In this work, we used CarveMe to reconstruct the metabolism of 74 bacterial strains that grew in at least one defined medium in the Tramontano et al. study. We additionally used a recently published collection of literature-curated uptake/secretion data for human gut species to further refine the reconstructed models [35]. The resulting models thus represent an up-to-date and experimentally backed collection for gut bacteria. To understand how the media information contributed to the model refinement, we analysed the gap-filling reactions introduced in each model when these data is provided during reconstruction. Interestingly, we observed that the total number of gap-filling reactions is negatively correlated with the genome size of the respective organism (Pearson’s r = -0.49, p < 10−5; Supp Fig. 2a). This is most likely due to poor annotations of genes in amino acid metabolism, especially transporters, that are responsible for several of the gap-filled pathways in models of small-genome species (which usually tend to harbor many aux-otrophies). We next compared the number of gap-filled reactions between CarveMe and AGORA models (40 models in common) and observed that they are well correlated (Pearson’s r = 0.52, p < 10−3; Supp. Fig. 2b). This shows that the quality of the CarveMe models even without the Tramontano et al data is comparable to the manually-curated AGORA collection, which further highlights the advantages of our top-down curation approach.
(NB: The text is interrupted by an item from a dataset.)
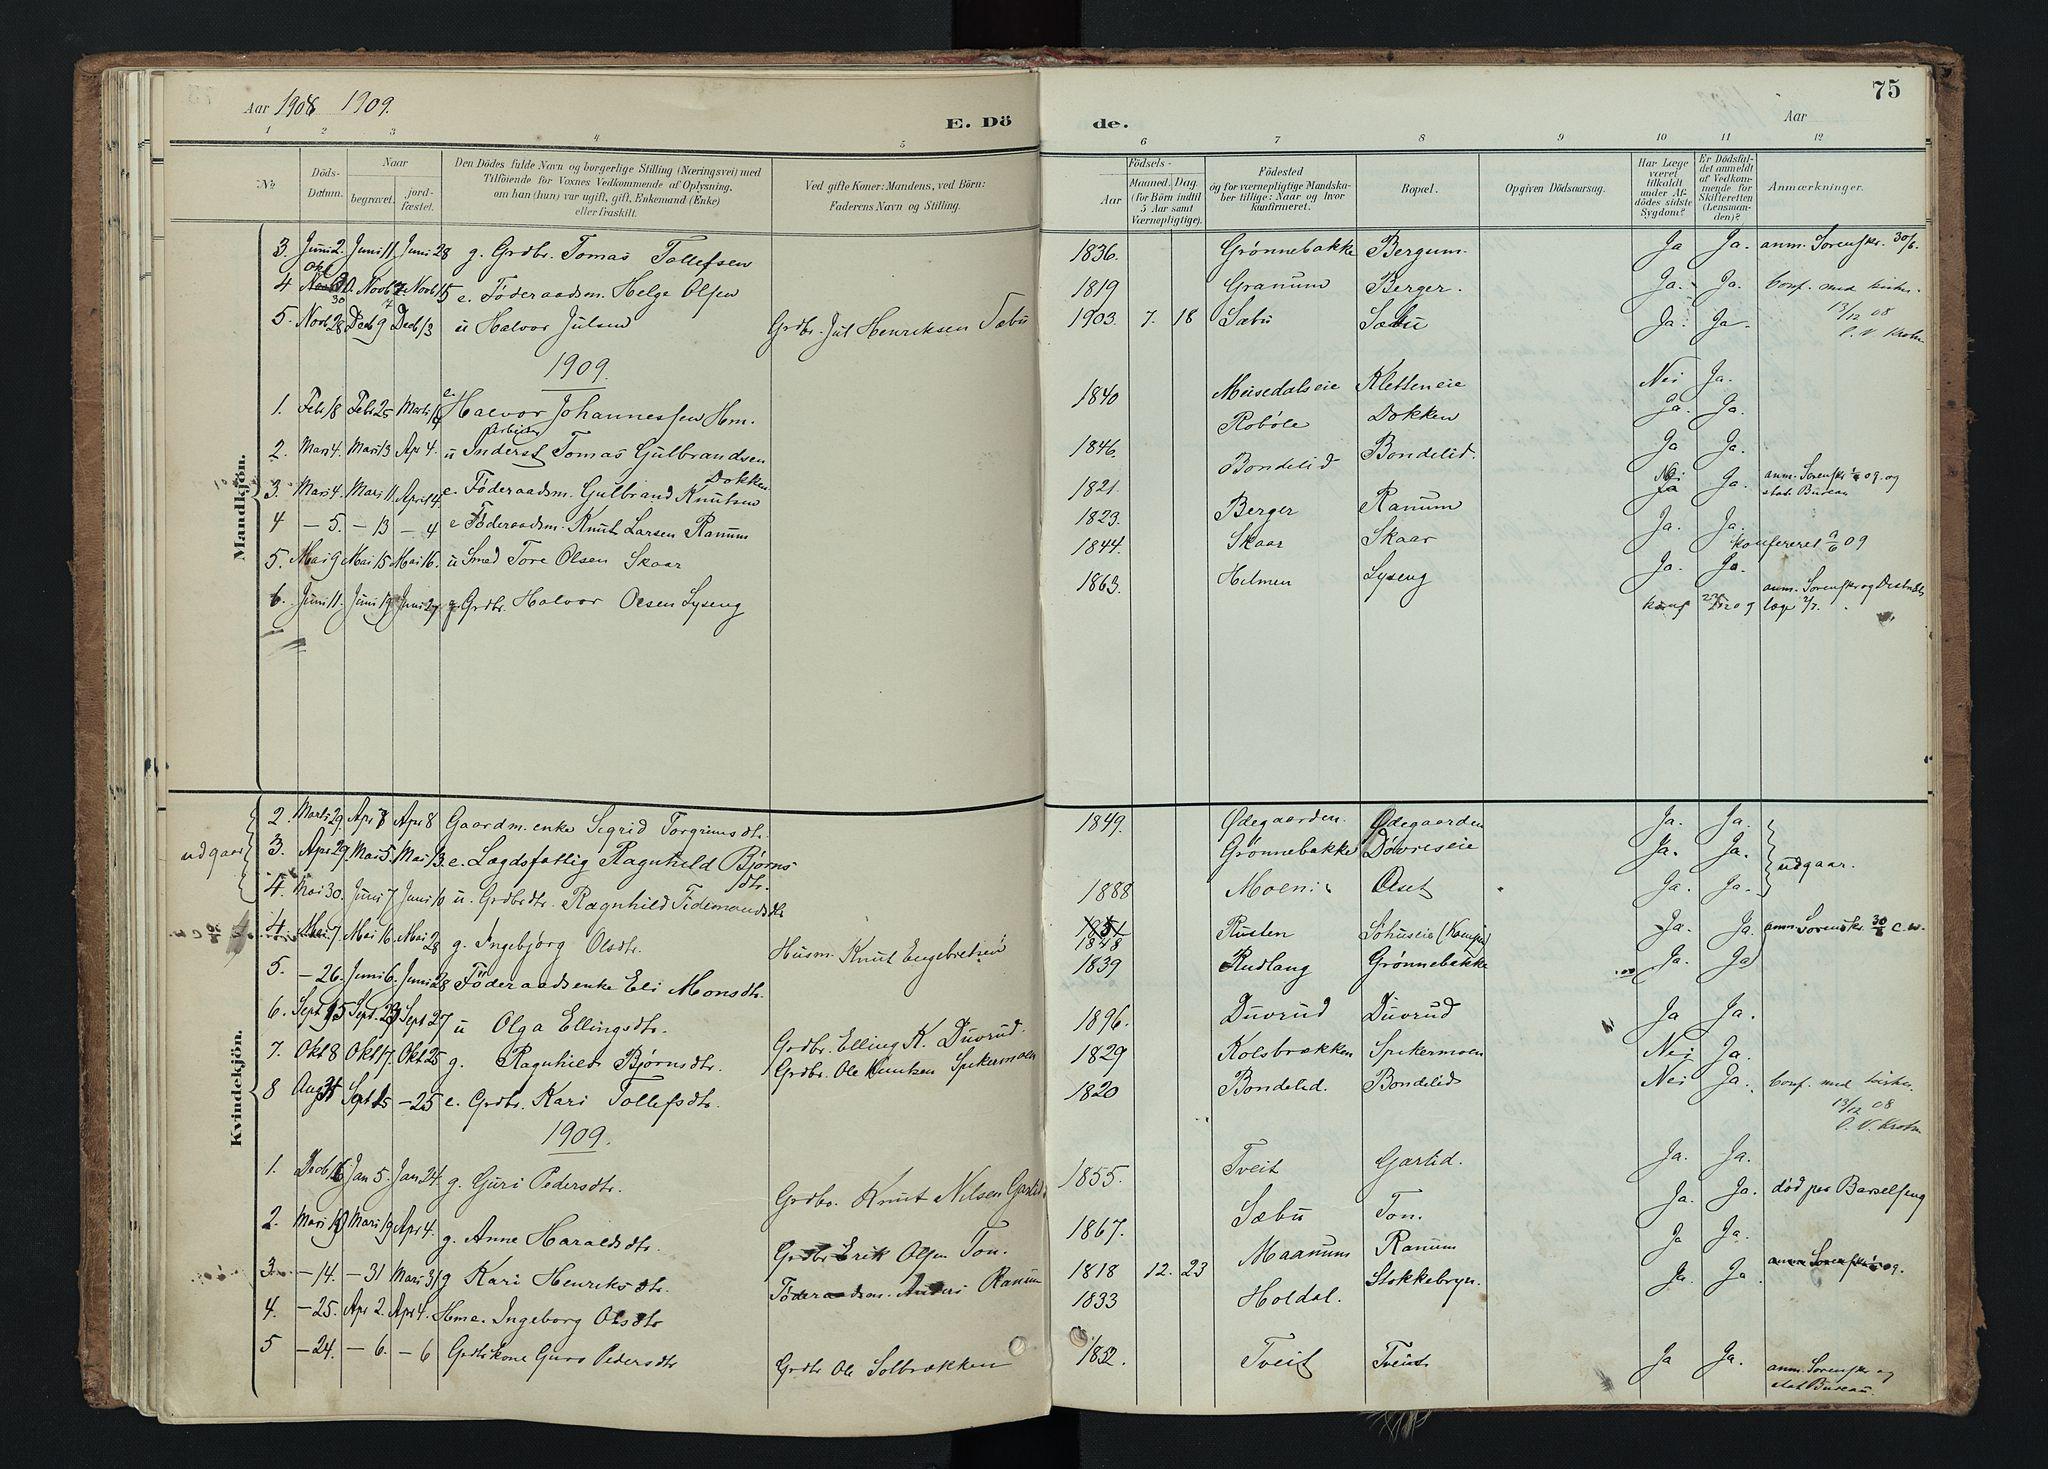 SAH, Nord-Aurdal prestekontor, Ministerialbok nr. 15, 1896-1914, s. 75

Large-scale model reconstruction and community models
To demonstrate the scalability of CarveMe, and to provide the research community with a collection of reconstructed models spanning a wide variety of microbes, we reconstructed 5587 bacterial genome-scale models. These correspond to all bacterial genomes available in NCBI RefSeq (release 84) [26] that were classified as reference or representative assemblies at the strain level. This collection of models represents metabolism across all (currently sequenced) bacterial life and thus can help uncovering principles underlying the architecture and diversity of metabolic networks.
The smaller metabolic networks belong to the Mycoplasma genus with as few as 238 reactions (Mycoplasma ovis str Michigan), whereas the larger metabolic networks belong to the Klebsiella and Escherichia genera, with up to 2472 reactions (Klebsiella oxytoca str CAV1374). We note that these numbers are indicative, as they can be biased or restricted by the quality of the gene annotation and the scope of the reaction databases. Interestingly, the total number of reactions and metabolites per organism appears to vary by approximately one order of magnitude across all bacteria (Fig. 4a). Furthermore, the number of metabolites per species seems to scale linearly with the number of reactions (average metabolite/reaction ratio of 0.6), albeit with an asymptotic trend closer to the maximum number of reactions. The latter indicates saturation of metabolite space relative to the expansion of the reaction space due to, for example, alternative pathways acting on the same metabolites. This pattern, however, does not completely account for the secondary metabolism, since it yet remains largely unknown.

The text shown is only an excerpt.